Leona Josefa Florentino (19 April 1849 – 4 October 1884) was a Filipina foundational poet, dramatist, satirist, and playwright who wrote and poetically spoke in Ilocano, her mother tongue, and Spanish, the lingua franca of her era. She is considered as the "mother of Philippine women's literature", serving as the "bridge from oral to literary tradition"; and as a pioneer in Philippine lesbian literature.

==Life==
Born to the Florentino clan, a wealthy and prominent family in Vigan, Ilocos Sur, Florentino was baptized under the Christian name Leona Josefa Florentina. Her father was Marcelino Pichay Florentino, Vigan's wealthiest man at the time, while her mother was Isabel Florentina, who first educated her as a child. A historical marker installed in 1958 by the Philippine Historical Committee, a predecessor of the National Historical Commission of the Philippines, states that she was a distant cousin of José Rizal. She began to write her first verses in Ilocano at a very young age. Despite her potential, she was not allowed to receive a university education because of her gender and the patriarchal norms of the era. Because of this, her mother Isabel, who was also disallowed to have a university education when she was young, made it her personal mission to tutor Leona and teach her everything she knew to expand her daughter's natural talent. A series of private teachers were also persuaded and brought by her mother to teach Leona, and later, included an educated Ilocano Catholic priest, Evaristo Abaya, the curate of Vigan. Evaristo, impressed by a 10-year old Leona's high level of talent in poetry despite having no formal education, agreed to teach her advanced Spanish writing and speech and encouraged her to develop her voice in poetry even though it was against the era's norms.

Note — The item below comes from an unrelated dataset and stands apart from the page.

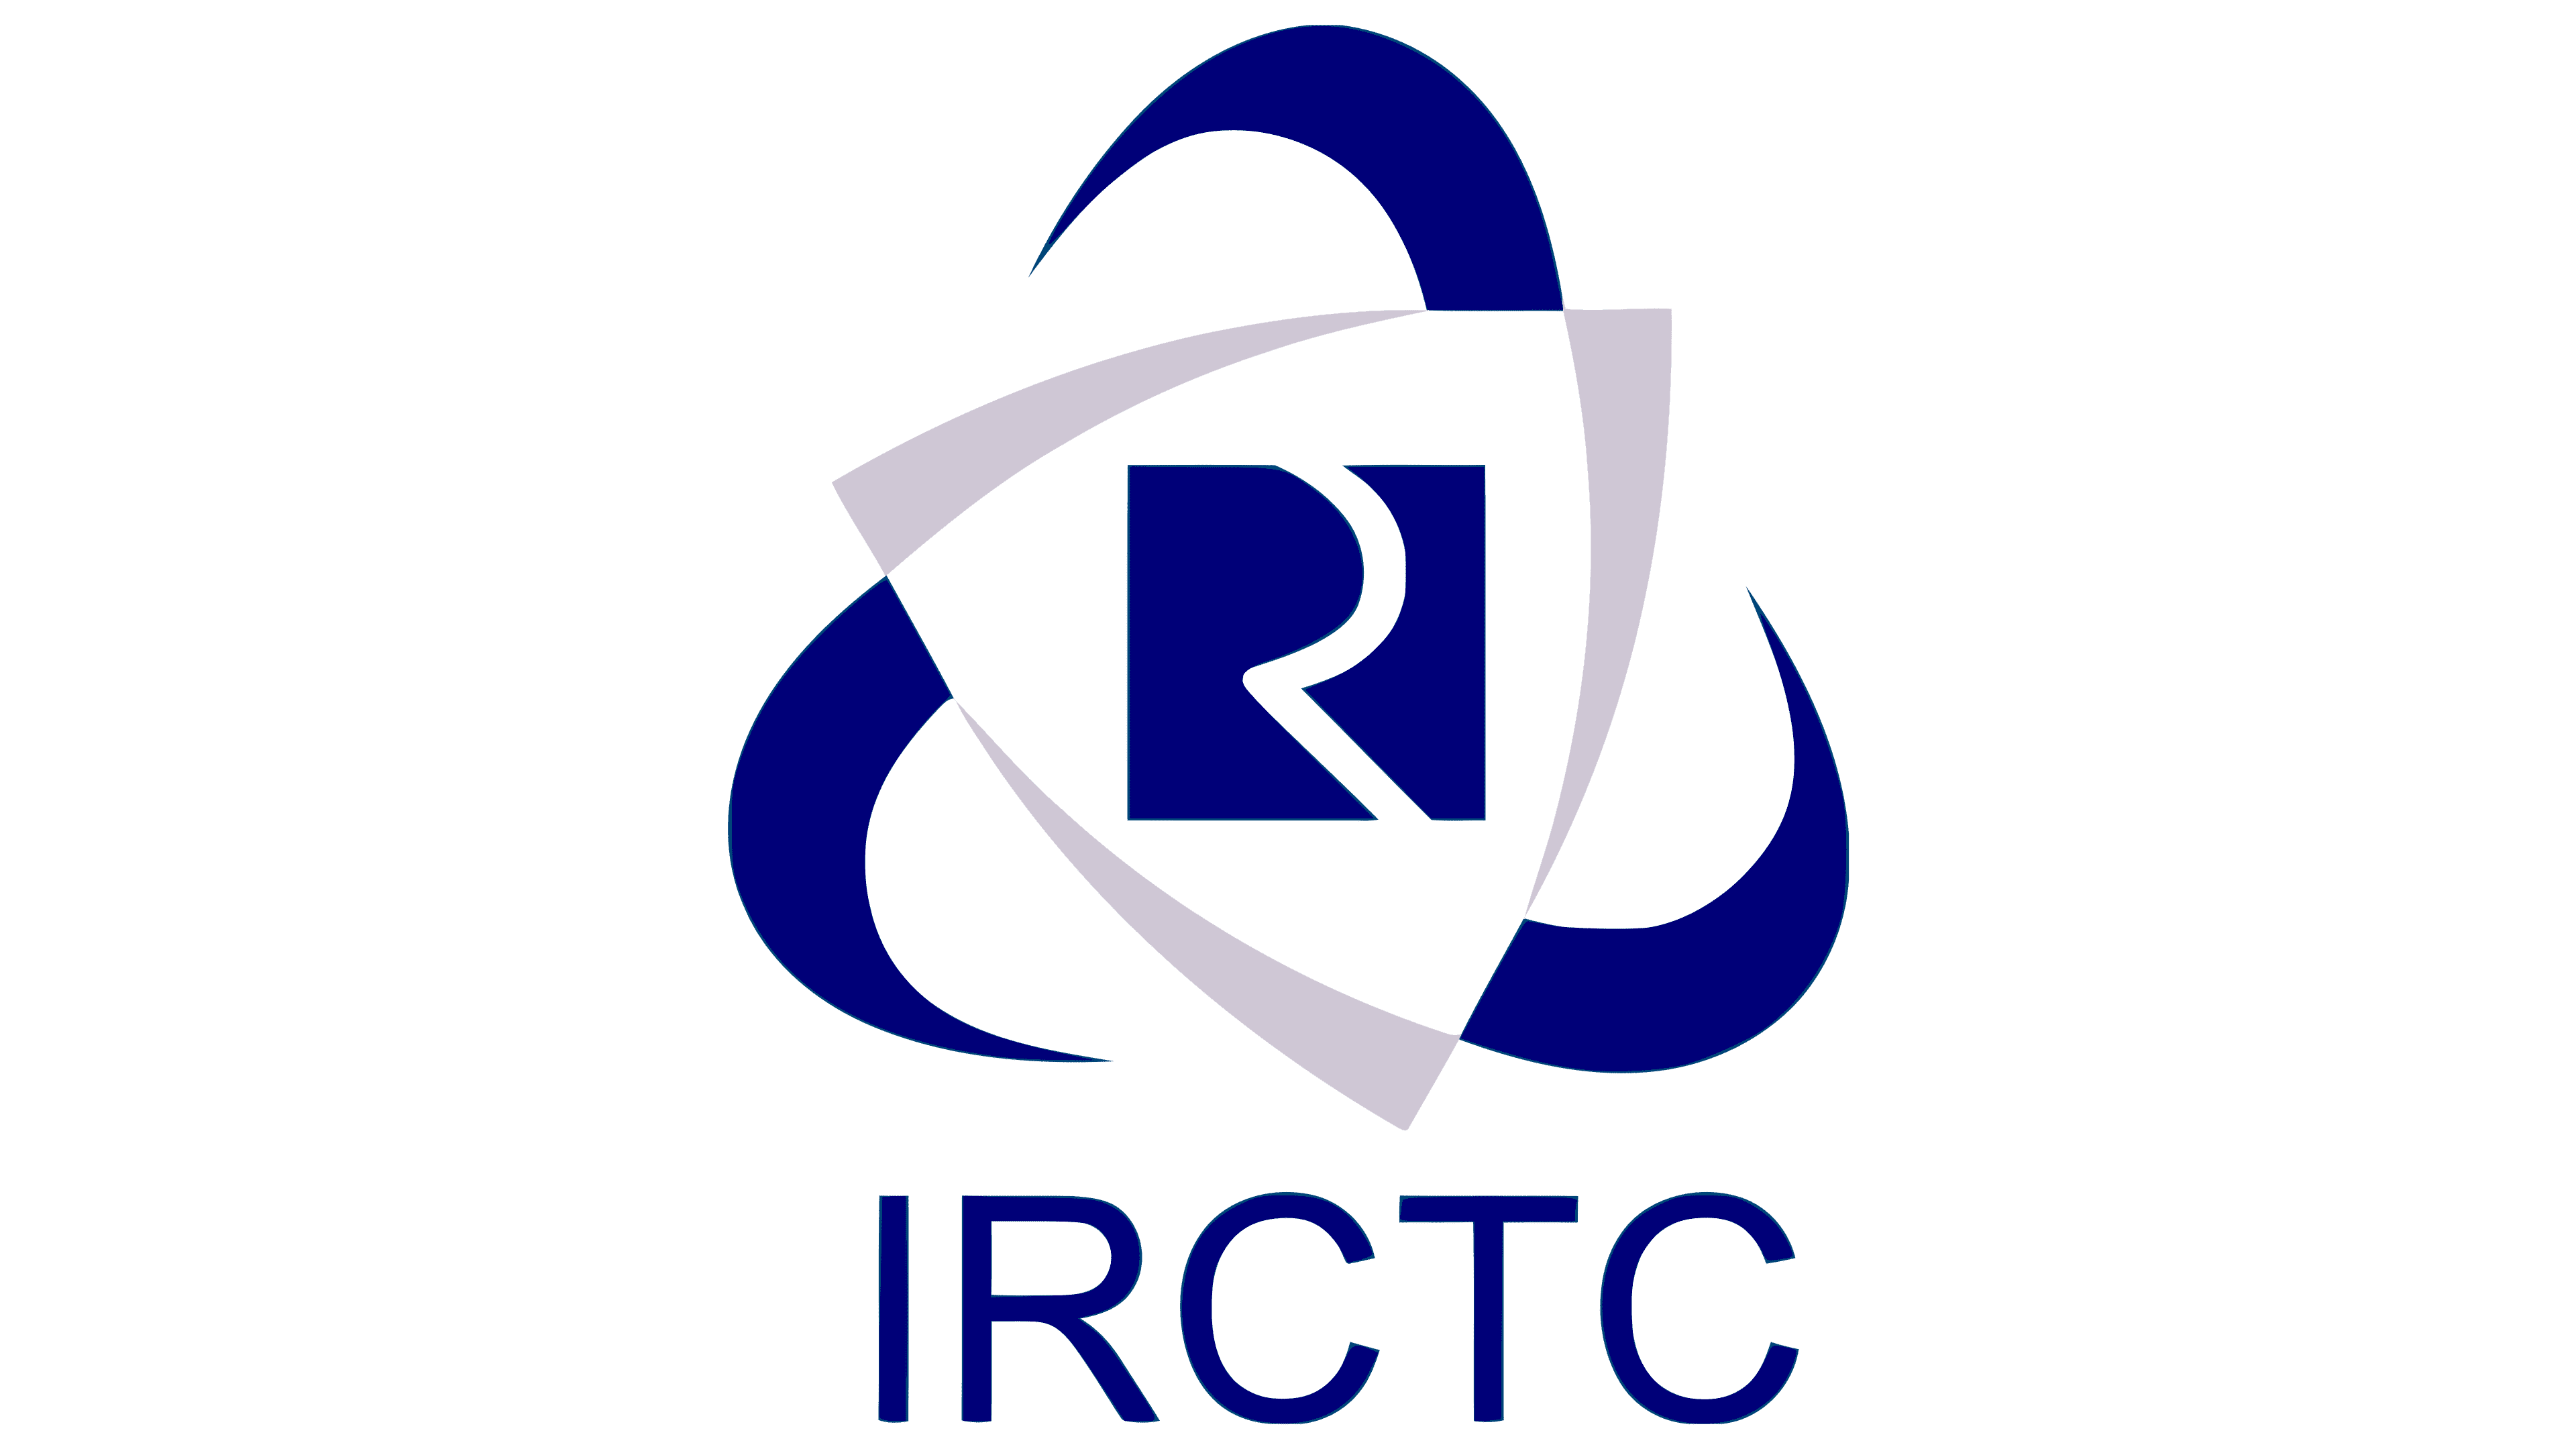 indian railway catering and tourism corporation (irctc)

Her home education, however, was cut short after her father, Marcelino, forced her at the age of 14 to marry the politician Elias Llanes de los Reyes, who was the alcalde mayor of Vigan at the time and way beyond her age. Leona and Elias were cousins, and marriage between relatives was practiced by some in the 1800's for a variety of reasons. With their marriage, the ownership of some land properties of her father's clan were secured and remained within the family. As a young teenager, she bore and raised five children. Despite the constraints imposed on her by the era's norms against women liberation, she did not stop writing. Her creative talent expanded exponentially through the years, while her perspectives on equality progressed, leading to her feminist writings which would later on would be her most impactful works. Some of her works narrated her lived experience of loving a woman during the patriarchal colonial era, becoming one of the most important historical lesbian writing in Philippine literature. After her husband Elias found out about her protofeminist writings, their marriage quickly soured. Due to the protofeminist nature of her writings and her progressive ideals for women and minorities, in around 1869 to 1870, Florentino was shunned by her pro-patriarchy husband, as well as her children who were convinced by their father. Elias personally stated that he shunned Leona due to her tuberculosis, but most believed that the reason was Leona's feminist ideals and influence on her children, which Elias was fully against. Elias vocally did not support Leona's creative inclination towards the literary feminist arts. At the age of around 20, Leona lived alone in exile and was separated from her five children, who were disallowed to see their mother. She moved to a small neighborhood outside the city. While continuing her writings and spoken word engagements, she became adept in horseback riding and smoking cigars. Her ideals and the path she took was never accepted by her wealthy father, who remained as head of the clan. Prominent politician and playwright Marcelino Crisólogo was her brother-in-law.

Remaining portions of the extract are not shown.